An era ends for Jurgen Klopp and Pep Guardiola – but now they enter something new in the title race
As a beaming Jurgen Klopp sat down with the press after a 1-1 that got everyone off their seats, he was asked whether this made him want to stay. The Liverpool manager reasserted his reason for leaving at the end of the season, but there is maybe some slight sense of regret – if also completeness – that his team produced what he described as one of their best performances against Manchester City in his last league game against them. Klopp can be given to hyperbole in such situations, but there was logic to his claim. It was also for more reasons than the context of the performance and, as the German said, “the squad situation”.

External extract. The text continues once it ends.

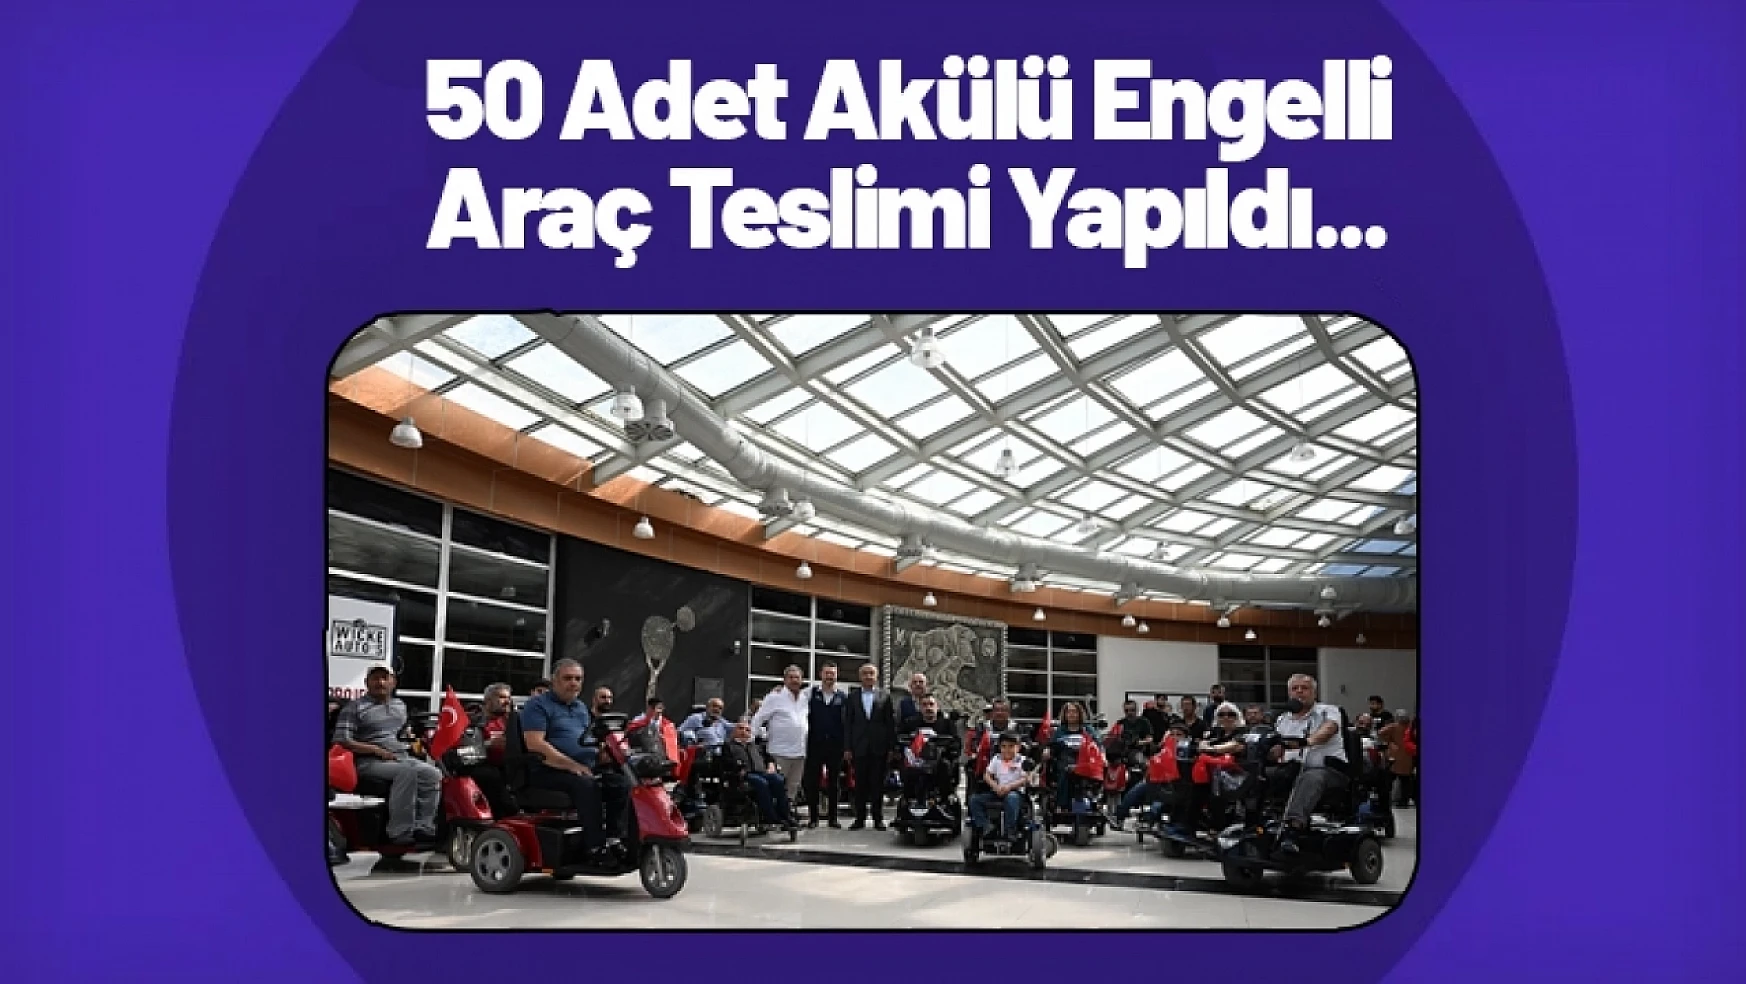 50 Adet Akülü Engelli Araç Teslimi Yapıldı...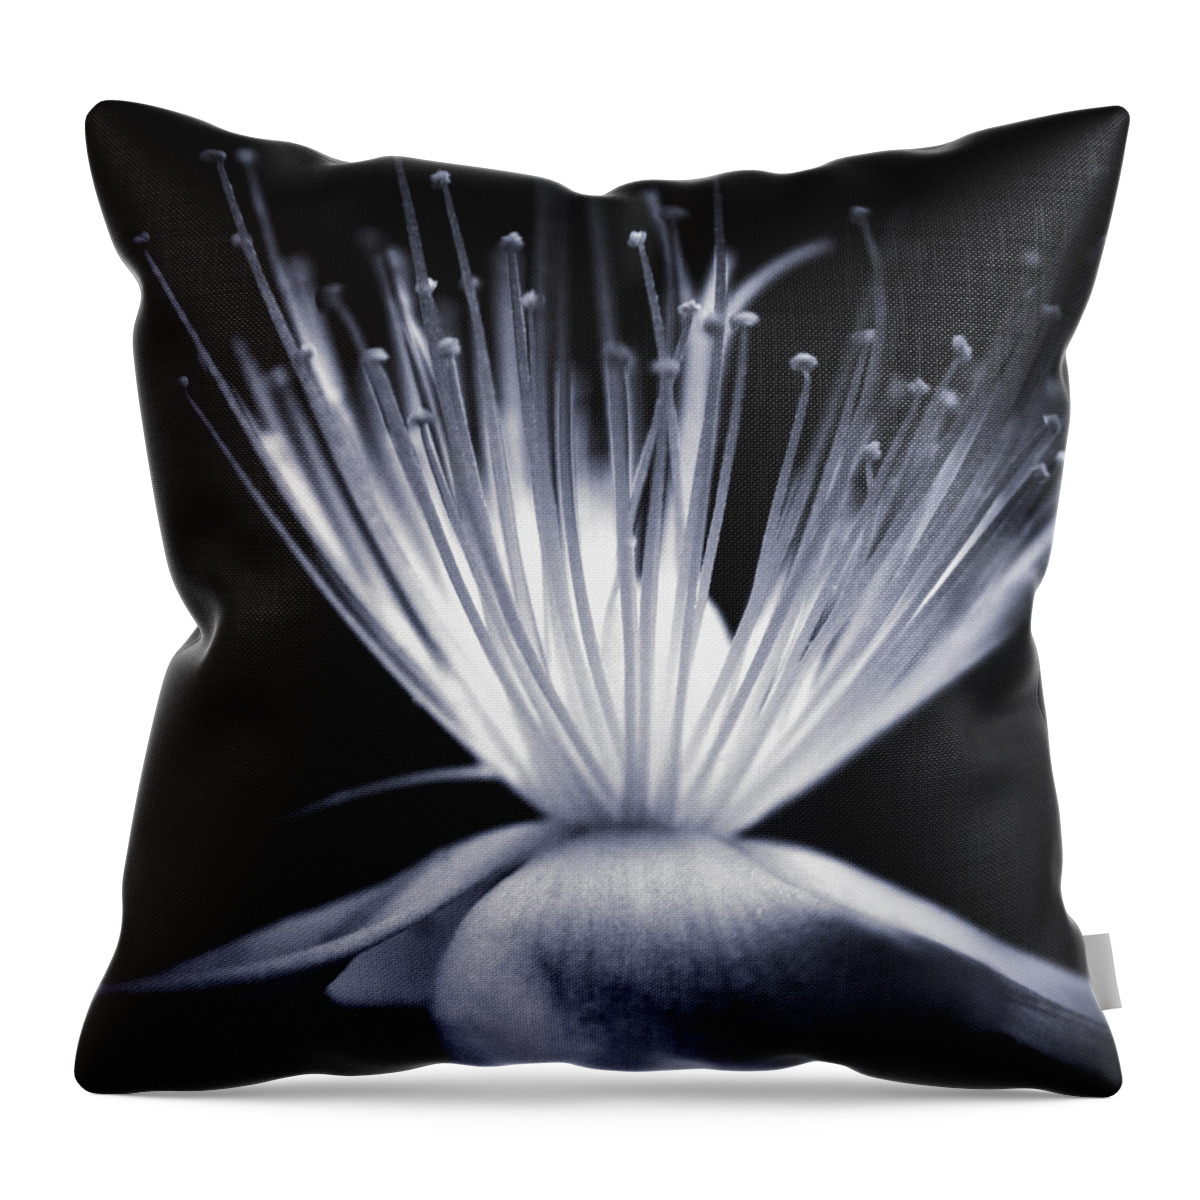 Art Throw Pillow featuring the photograph Blaze by Dorit Fuhg

It was also about the approach and resolve. In Klopp’s previous landmark performances against City, particularly in 2017-18, there was an element of Liverpool exploiting the rare gaps left by Pep Guardiola’s side. Those performances had the sense of being fully commanding, but they weren’t quite that. As Klopp said himself, they usually won through counter-attacks.
This was different. It was one of Liverpool’s more complete displays against this City side in how they dominated the ball and space. The spell after half-time was remarkable, with Guardiola’s side unusually spooked. It was a rare game where it felt like the champions got away with one, even though they themselves went so close with Jeremy Doku’s shot off the post.
That might normally foster the sense that Liverpool will rue this draw, but there was no sense of that after the game.
“How we played in midfield was some of the best moments of my coaching career,” Klopp said. “That we are able to do that against them… the boys really wanted it, massive heart, sensational atmosphere, one point, let’s keep going”.
The big question, of course, is how far they can go. Is it just a title challenge, or are we really talking about Liverpool becoming champions again in Klopp’s final season? The German, perhaps predictably, sidestepped that question. “All that matters is where we are from a performance point of view – and today we saw that.”
This is actually the real significance of a fixture that had been built up as another seismic Liverpool-City game but ended somewhat unsatisfactorily. There was no climax. Rather than settling anything, though, it set a pace.
After months where Liverpool looked so promising but questions persisted over how good they actually were, we now have a definitive answer. They were able to come back against City and dominate the game with many senior players missing. That is a big step.
They have become the team to beat… except for the fact that Arsenal are still ahead of them. And, once this duel between two great rivals was out of the way, thoughts properly turned to the fact that this really looks like the Premier League’s first proper three-way race in a decade. Both managers were asked about the prospect, with neither having experienced it before.
It is something new even for them. That creates even more excitement from a sense of uncertainty. They won’t just be looking to each other. Guardiola initially had a curious response when asked whether that posed a different challenge.
“You are not going to undermine our previous Premier Leagues,” he said, before again mentioning “credit”.
That whole debate is something that seems to have increasingly agitated the Catalan of late, and it’s hard not to wonder whether it’s linked to all the praise for the departing Klopp. The German himself simply ruminated on whether he’d ever been involved in a three-way race and concluded he had not.
Where both managers were relaying exactly the same message, though, was in effusive praise of the other challenger. Both were glowing about Arsenal.
Guardiola enthused about how Mikel Arteta’s side “need 25 minutes to go 3-0 up”, in reference to the way they’ve just blown sides away of late. Klopp picked up that theme, talking about how Arsenal are ‘firing on all cylinders”.
He then added “City is City”, which is a simple three words but is maybe the most relevant point in all of this.
What he meant is that it’s known Guardiola’s side can get over 85 points at will – usually more – so this is the standard the other two have to reach. That’s the decisive factor in the entire race. That is also why Klopp took such satisfaction from this result, but particularly the performance. It was an assertion of quality. Arsenal are meanwhile indicating they can accelerate from last season; that they have genuinely gone to another level.
Whether it’s enough remains to be seen, but it’s all certainly sufficient for another staple of proper title races. Klopp asked the media after this 1-1 how many matches are left. There are 10.
That is generally the point where the title race becomes the title run-in, and everyone starts looking to the remaining fixtures to figure out where points might be dropped.
It is often a futile exercise but it adds to the entertainment of it all. Certain fixtures are marked. One now looms above the rest. It is one where it will be Klopp sitting back, to watch City and Arsenal go at it on Easter Sunday.
We’ll get closer to the full picture, and closer to the title itself.